A UK case control study is conducted which investigates the association between excessive alcohol consumption and brain tumors. Researchers therefore attempt to recruit cases who have brain tumors and controls who do not. The retrospective nature of the study design mean data are then collected on each participant regarding their alcohol consumption, in this instance over an extended previous period of time. The exposure of interest in the case control study is blinded to the participants and the interviewers used, to reduce the effects of other biases such as interviewer bias. The blinding here is in the form of an extended questionnaire, including questions regarding several possible exposures such as alcohol, smoking, mobile phone use, exercise routines and family history.
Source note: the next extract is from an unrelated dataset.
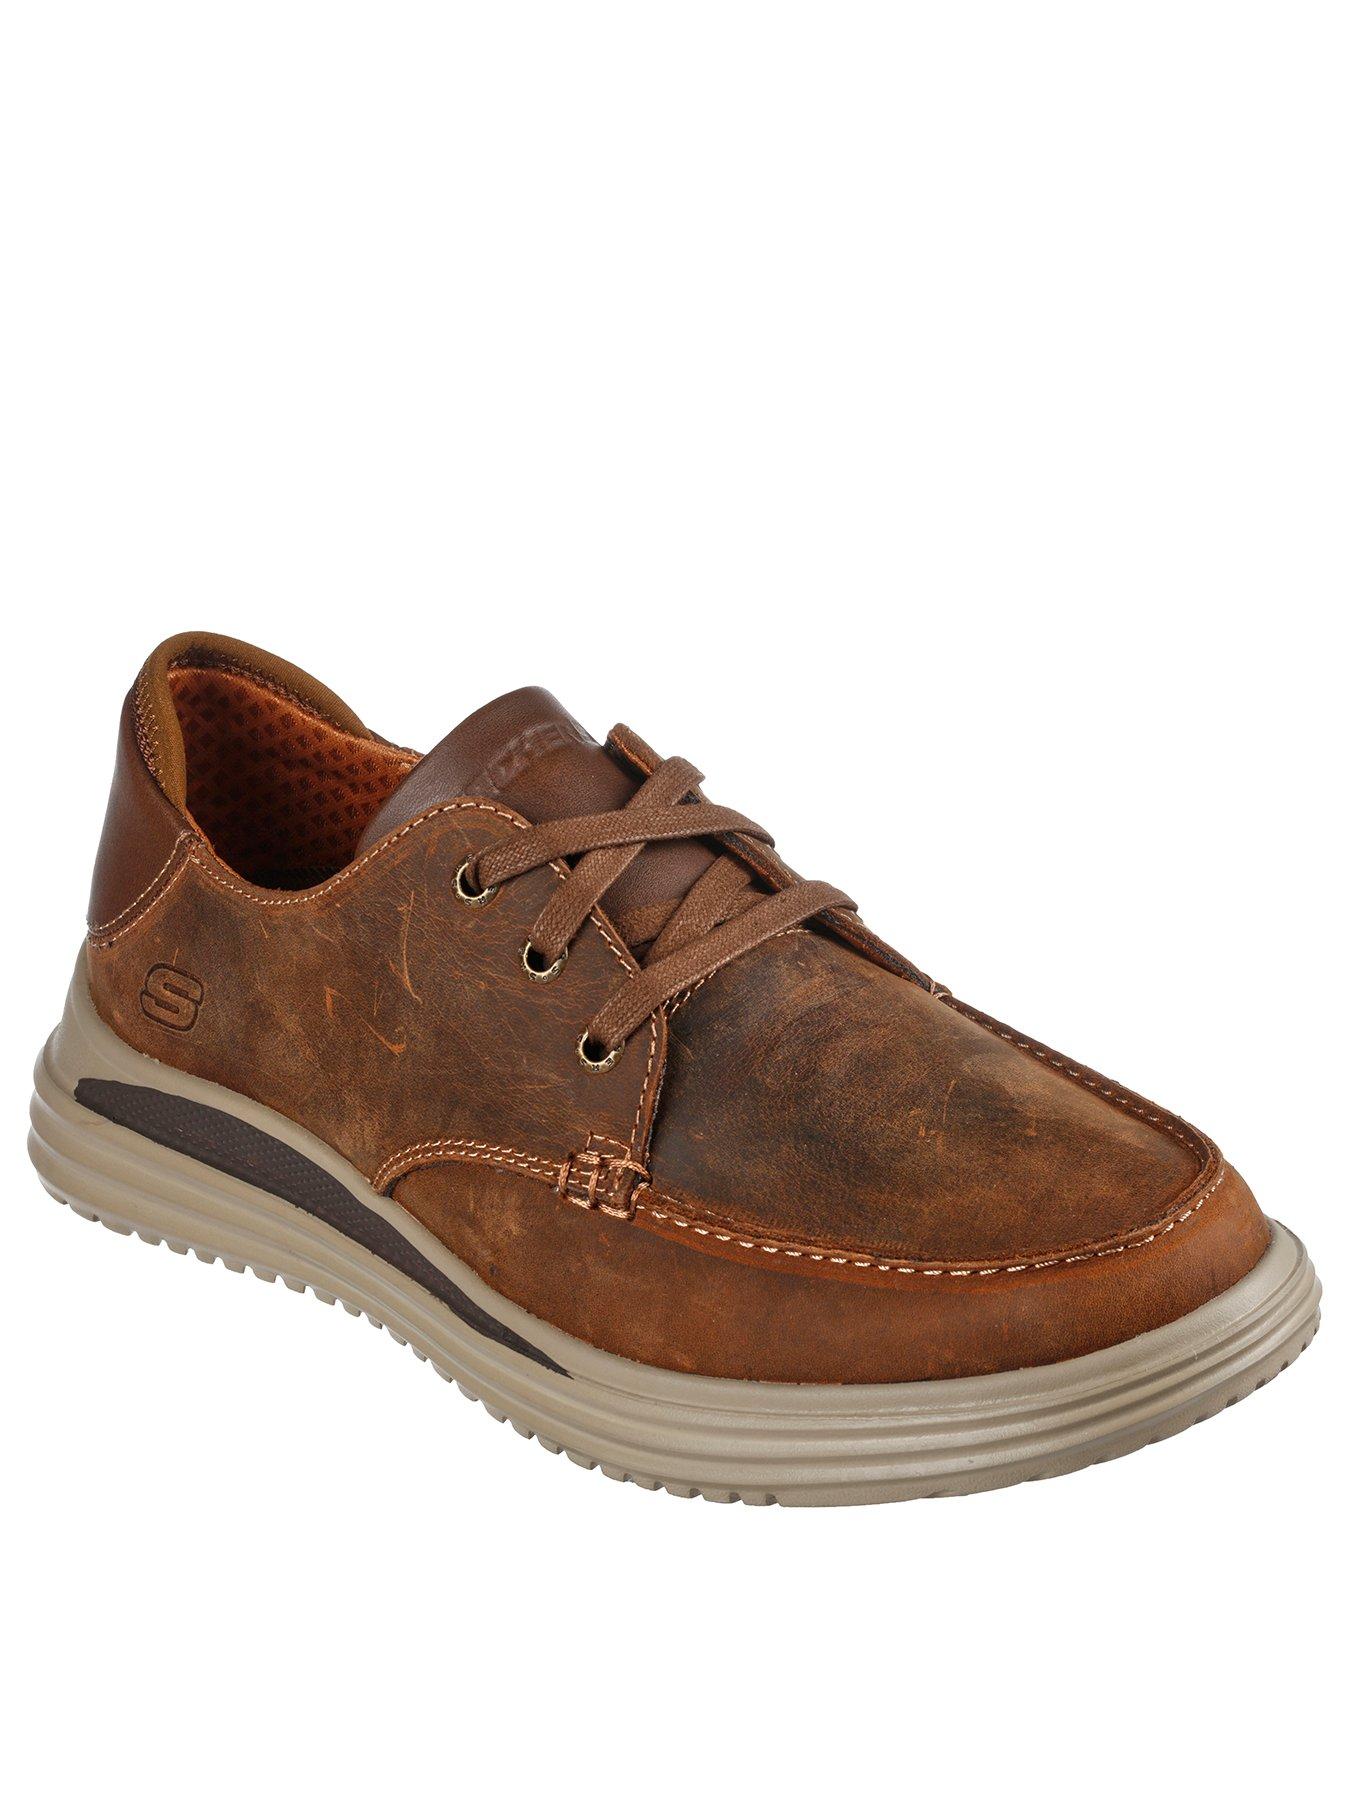 Skechers Proven Leather Moc Toe Shoe | very.co.uk

This leads to some participants intentionally avoiding questions, such as those to which they have undesirable answers. For example, heavy smokers ignore the question regarding the number of cigarettes smoked daily, those who do not exercise often miss the question regarding the number of hours exercise completed per week, and frequent drinkers avoid the question about alcohol consumption.

Let the data from the questionnaire be available, along with a national database regarding the number of people with brain tumors in the UK. The Office for National Statistics (ONS) also records data for adult drinking habits [23] . The flowchart can be used to determine which methods may be suitable to reduce selection bias.
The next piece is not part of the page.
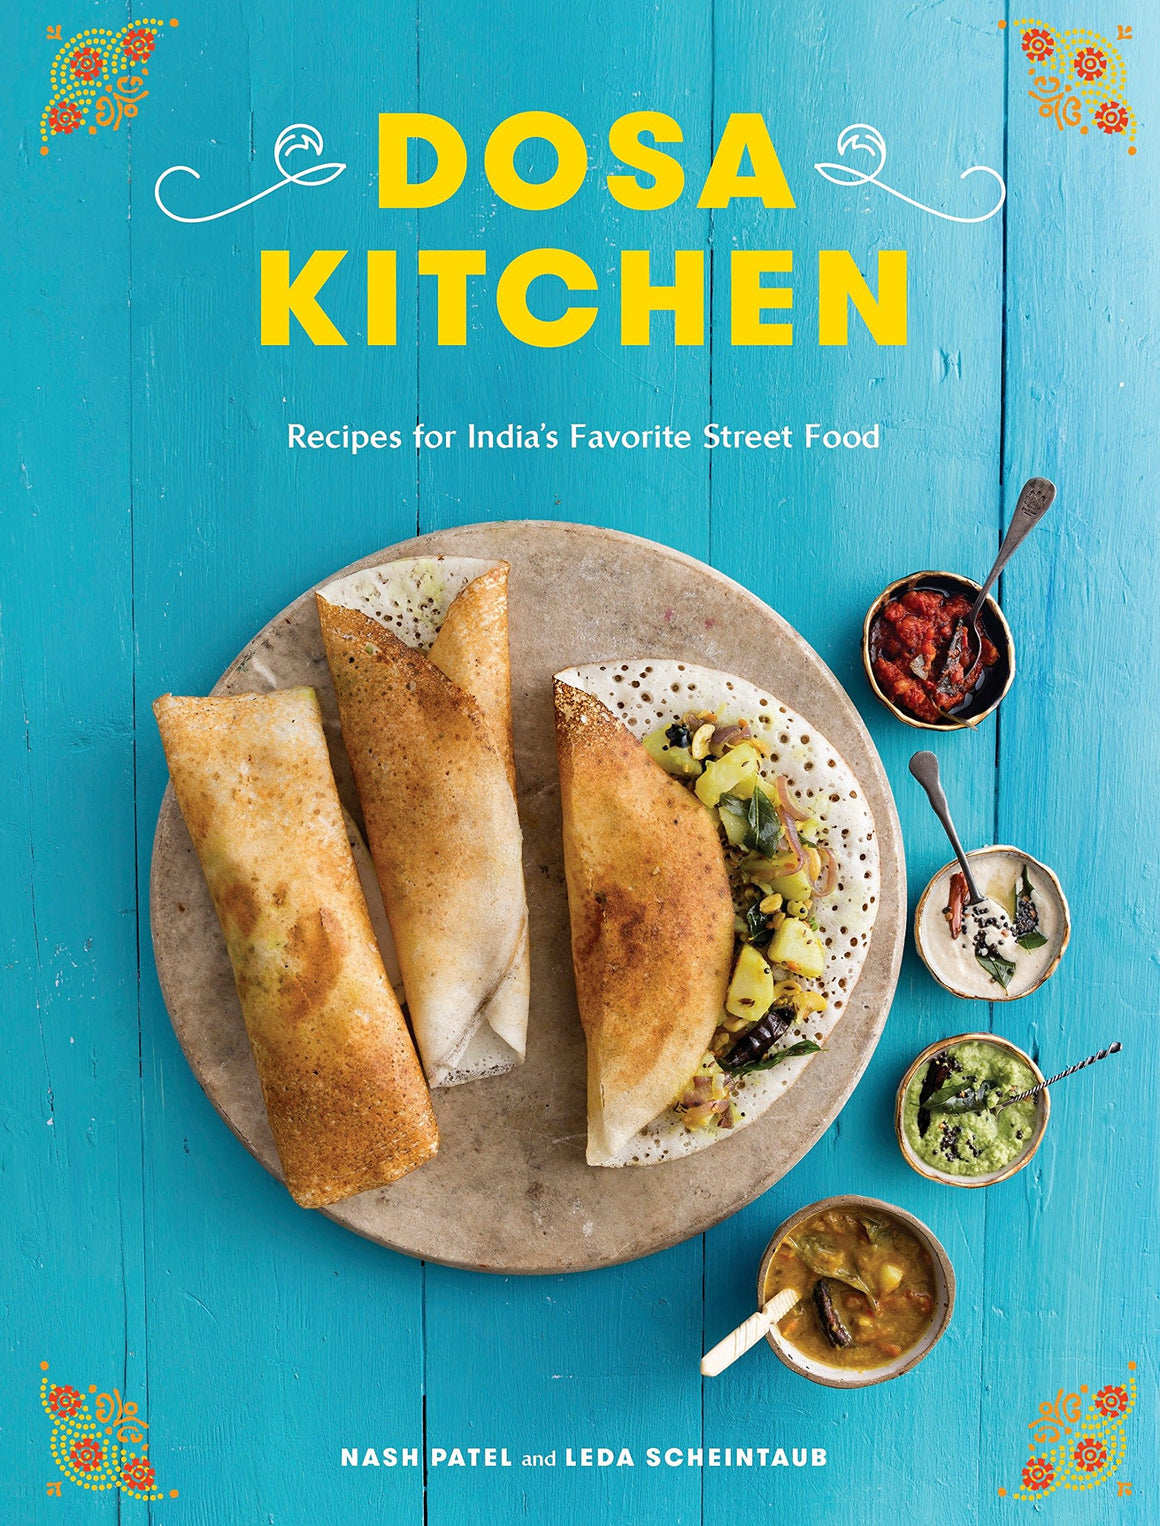 (Indian) Nash Patel & Leda Scheintaub. Dosa Kitchen: Recipes for India's Favorite Street Food: A Cookbook.

・ Is the study potentially affected by selection bias? It is well-documented that cases are often more likely to participate in a study than controls, since they have additional motivation to find a cure or an explanation for their condition [24] [25] . Therefore the outcome is affecting self-selection into the study. Next the exposure of interest, alcohol consumption, is being recorded only for those who are willing to declare their consumption levels; in this instance, those who consume amounts not deemed to be excessive. Therefore, inclusion in the study analysis depends upon the exposure level. Since only those who are willing to participate in the study and who answer the question regarding alcohol consumption are used to investigate the association between excessive alcohol consumption and brain tumors, participation is conditioned on and so selection bias is a possibility.
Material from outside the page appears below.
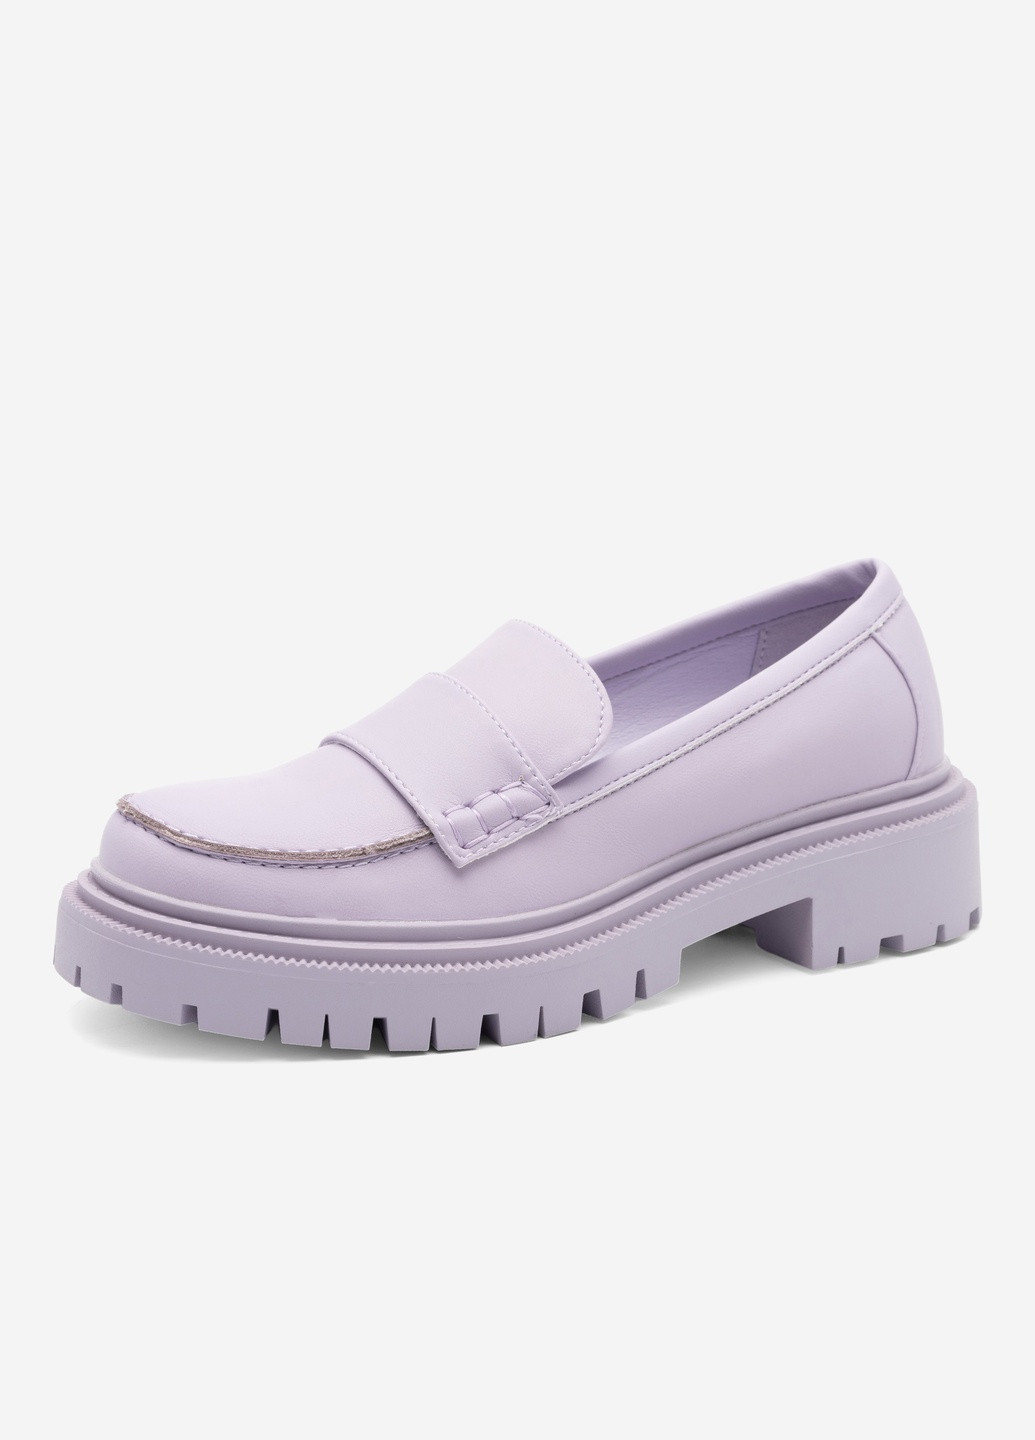 Фиолетовые осенние туфли martha hy0102-xx Jenny Fairy

・ Is the variable associated with selection recorded? The variables associated with selection are the exposure and outcome themselves, hence methods which use the variable associated with selection in the analysis to reduce selection bias are not suitable here.

・ Are relevant population data available? The national database for brain tumors and ONS data for drinking habits are available. Therefore, the following methods can be considered further:

- Sensitivity analysis; The external population data could be used to estimate the magnitude and direction of bias, although unfortunately the drinking habits of those in the population with brain tumors is unknown. This method may be possible.

- Weighting; If there are no heavy-drinking participants who answer the question about alcohol consumption, then a weight cannot be applied to this category and the weighing method would be unsuitable.

- Bias-breaking; For this method, a variable must be identified which separates the exposure from the selection criteria, but unfortunately, the risk factor is the variable which is determining selection into the analysis and hence this method is not suitable.

- Predict the bias; Information from non-participants is not available as such, but could possibly be derived from the population data available in conjunction with the participant data. This method may be possible.

- Population data; The method requires there to be data regarding the population size, the number of cases and the number of exposed; all of which are recorded in the national database or in the ONS records. Therefore this method is a possible option.

These examples have shown how the flowchart can quickly eliminate potential methods and guide the researcher towards a subset of methods for further consideration.

4. Discussion

Selection bias can be problematic for surveys and a range of study designs [26] , but particularly those which are retrospective such as case control studies [2] , as seen in Example 3. Biased results can lead to incorrect findings and the unnecessary repetition of studies, wasting valuable time and resources which could instead be used to fund additional research into diseases or their cure.

Any form of bias can be viewed as a negative aspect of a study, but action should be taken to reduce as much bias as possible within the results of a study. This work aims to highlight the importance of bias reduction, specifically selection bias, and provide researchers with a summary of methods currently available to reduce selection bias, along with references for further reading.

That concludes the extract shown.